Segment Open
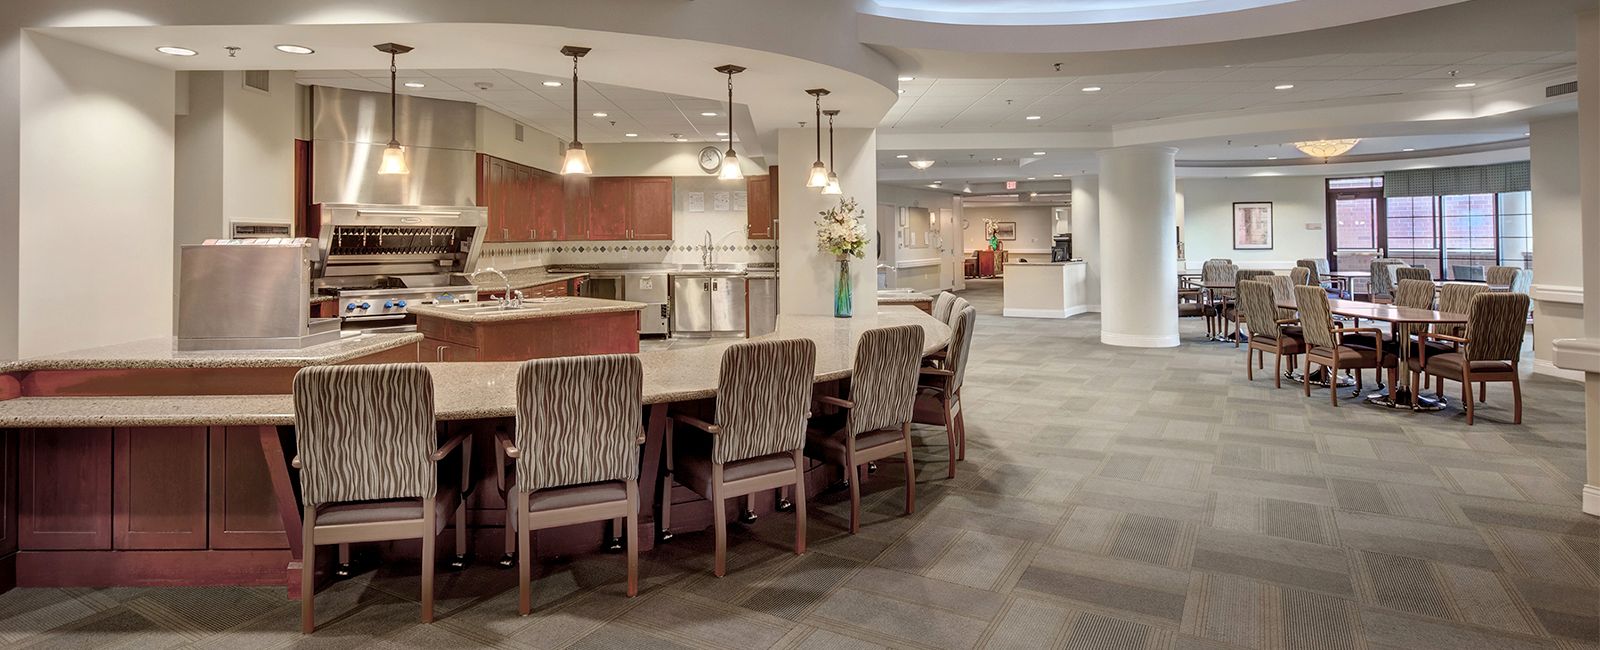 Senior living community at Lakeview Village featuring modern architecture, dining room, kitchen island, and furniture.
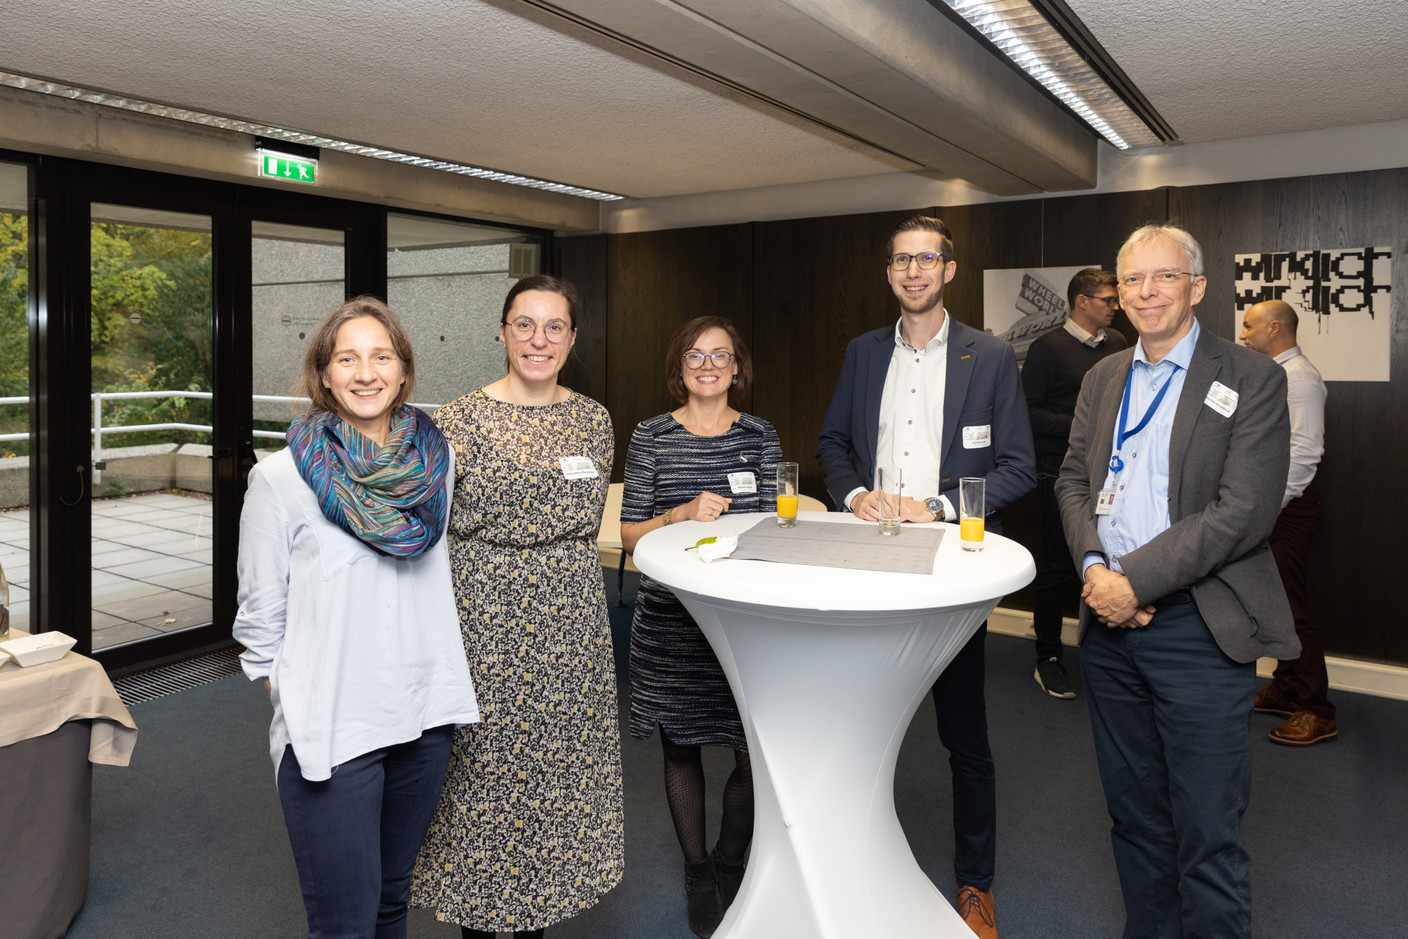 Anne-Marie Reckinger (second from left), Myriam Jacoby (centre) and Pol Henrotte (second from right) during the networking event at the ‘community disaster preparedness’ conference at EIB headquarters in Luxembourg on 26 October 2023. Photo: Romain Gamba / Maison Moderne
Segment Closed
Segment Open
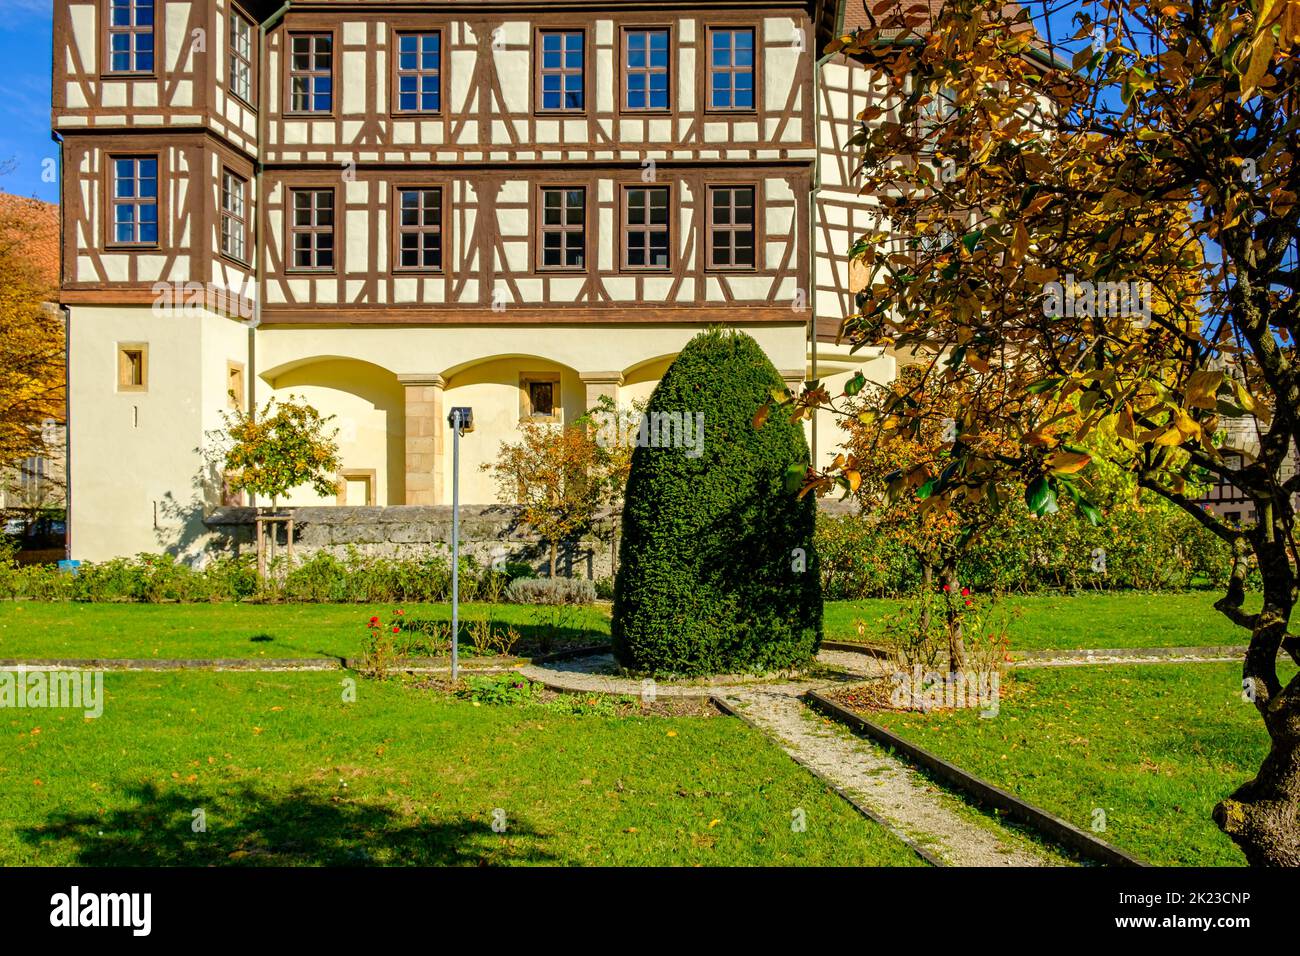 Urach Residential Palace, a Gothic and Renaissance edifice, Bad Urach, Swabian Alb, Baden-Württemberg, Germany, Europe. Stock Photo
Segment Closed
Required work » With the pictures omitted, print the lines above exactly, beginning at the line with "Senior living community" and going on through the line with "Anne-Marie Reckinger (second".

Answer »
 Senior living community at Lakeview Village featuring modern architecture, dining room, kitchen island, and furniture.
 Anne-Marie Reckinger (second from left), Myriam Jacoby (centre) and Pol Henrotte (second from right) during the networking event at the ‘community disaster preparedness’ conference at EIB headquarters in Luxembourg on 26 October 2023. Photo: Romain Gamba / Maison Moderne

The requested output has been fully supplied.